You can use sync to sync the entity object’s state with the remote state during the execution run:

synced_execution = remote.sync(execution, sync_nodes=True)
node_keys = synced_execution.node_executions.keys()

node_executions will fetch all the underlying node executions recursively.

To fetch output of a specific node execution:

node_execution_output = synced_execution.node_executions["n1"].outputs["model_file"]

Node here can correspond to a task, workflow, or branch node.

Reference launch plan executions#

When retrieving and inspecting an execution which calls a launch plan, the launch plan manifests as a sub-workflow which can be found within the workflow_executions of a given node execution. Note that the workflow execution of interest must again be synced in order to inspect the input and output of the contained tasks.

@task
def add_random(x: int) -> int:
    return x + random.randint(1, 100)

@workflow
def sub_wf(x: int) -> int:
    x = add_random(x=x)
    return add_random(x=x)

sub_wf_lp = LaunchPlan.get_or_create(
    name="sub_wf_lp",
    workflow=sub_wf,
)

@workflow
def parent_wf(x: int = 1) -> int:
    x = add_random(x=x)
    return sub_wf_lp(x=x)

To get the output of the first add_random call in sub_wf, you can do the following with the execution from the parent_wf:

execution = remote.fetch_execution(
    name="adgswtrzfn99k2cws49q",
    project="flytesnacks",
    domain="development",
)
remote.sync_execution(execution, sync_nodes=True)
remote.sync_execution(execution.node_executions['n1'].workflow_executions[0], sync_nodes=True)
out = execution.node_executions['n1'].workflow_executions[0].node_executions['n0'].outputs['o0']

Listing entities#

To list recent executions, use the recent_executions method:

recent_executions = remote.recent_executions(
    project="flytesnacks",
    domain="development",
    limit=10,
)

The limit parameter is optional and defaults to 100.

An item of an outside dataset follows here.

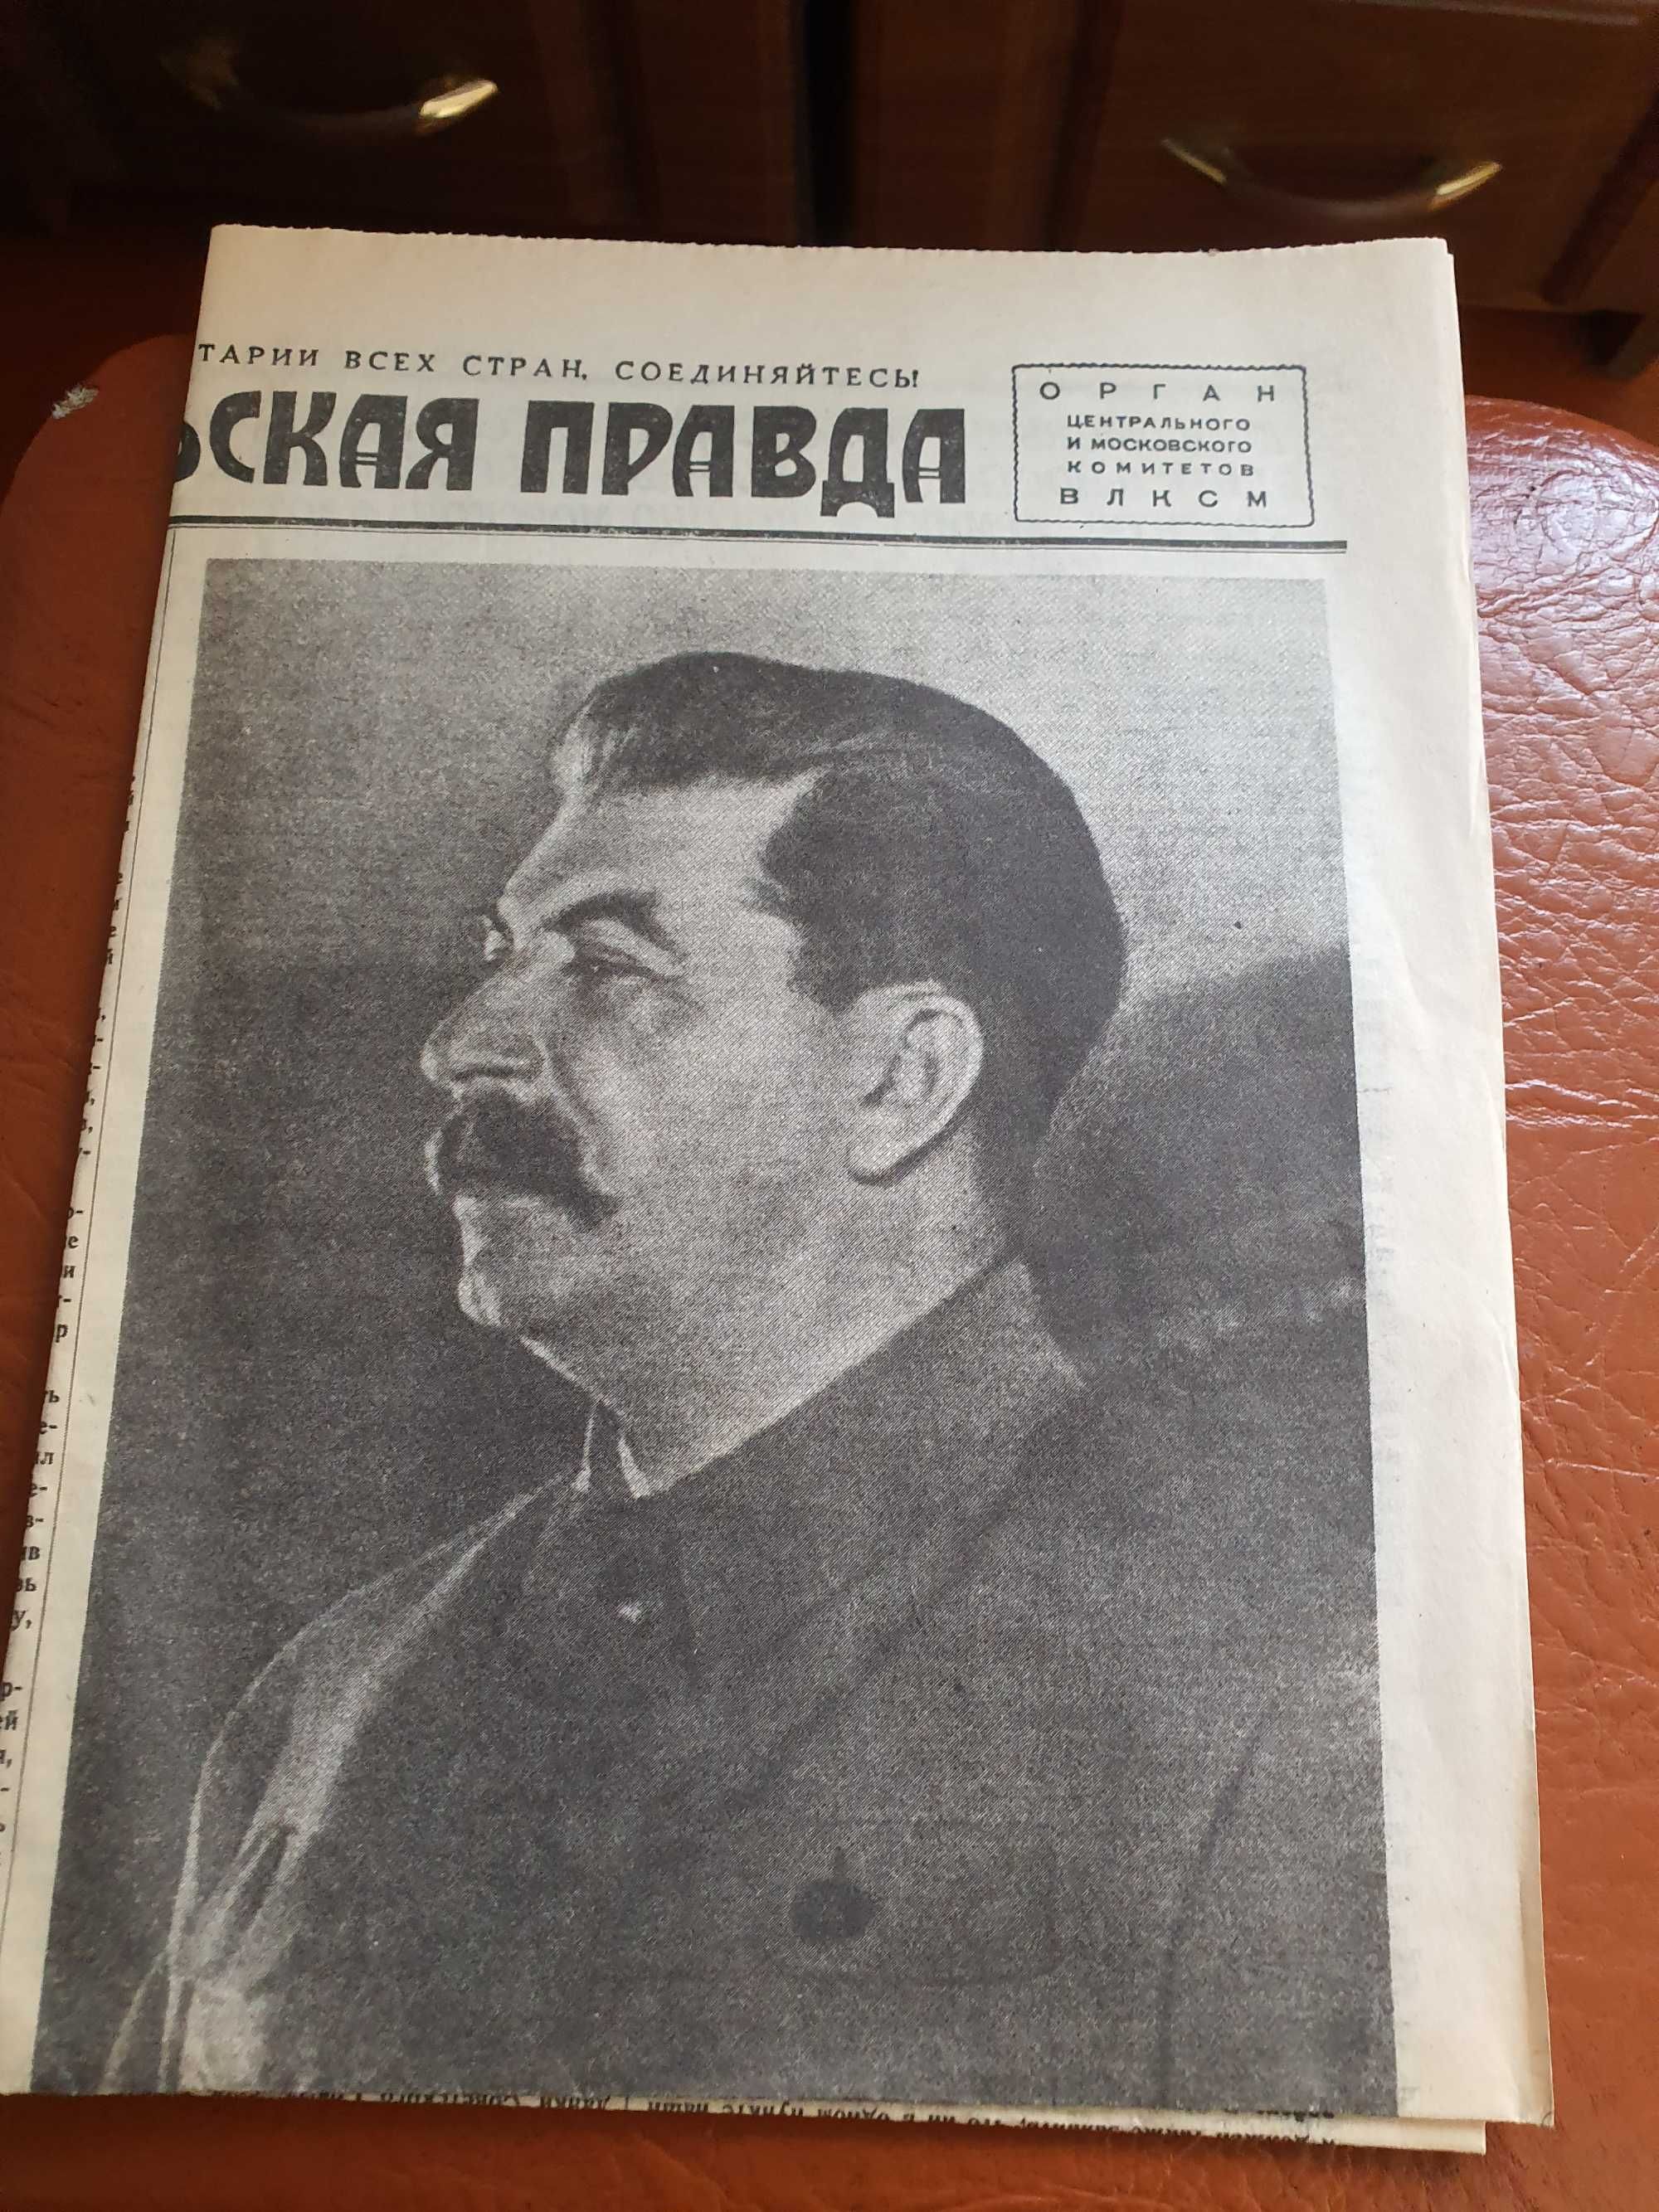 Продоётся газета 1941года

To list tasks by version, use the UnionRemote.list_tasks_by_version method.

tasks = remote.list_tasks_by_version(
    project="flytesnacks",
    domain="development",
    version="v1",
)

Terminating an execution#

To terminate an execution, use the terminate method:

execution = remote.fetch_execution(
    name="fb22e306a0d91e1c6000",
    project="flytesnacks",
    domain="development",
)
remote.terminate(execution, cause="Code needs to be updated")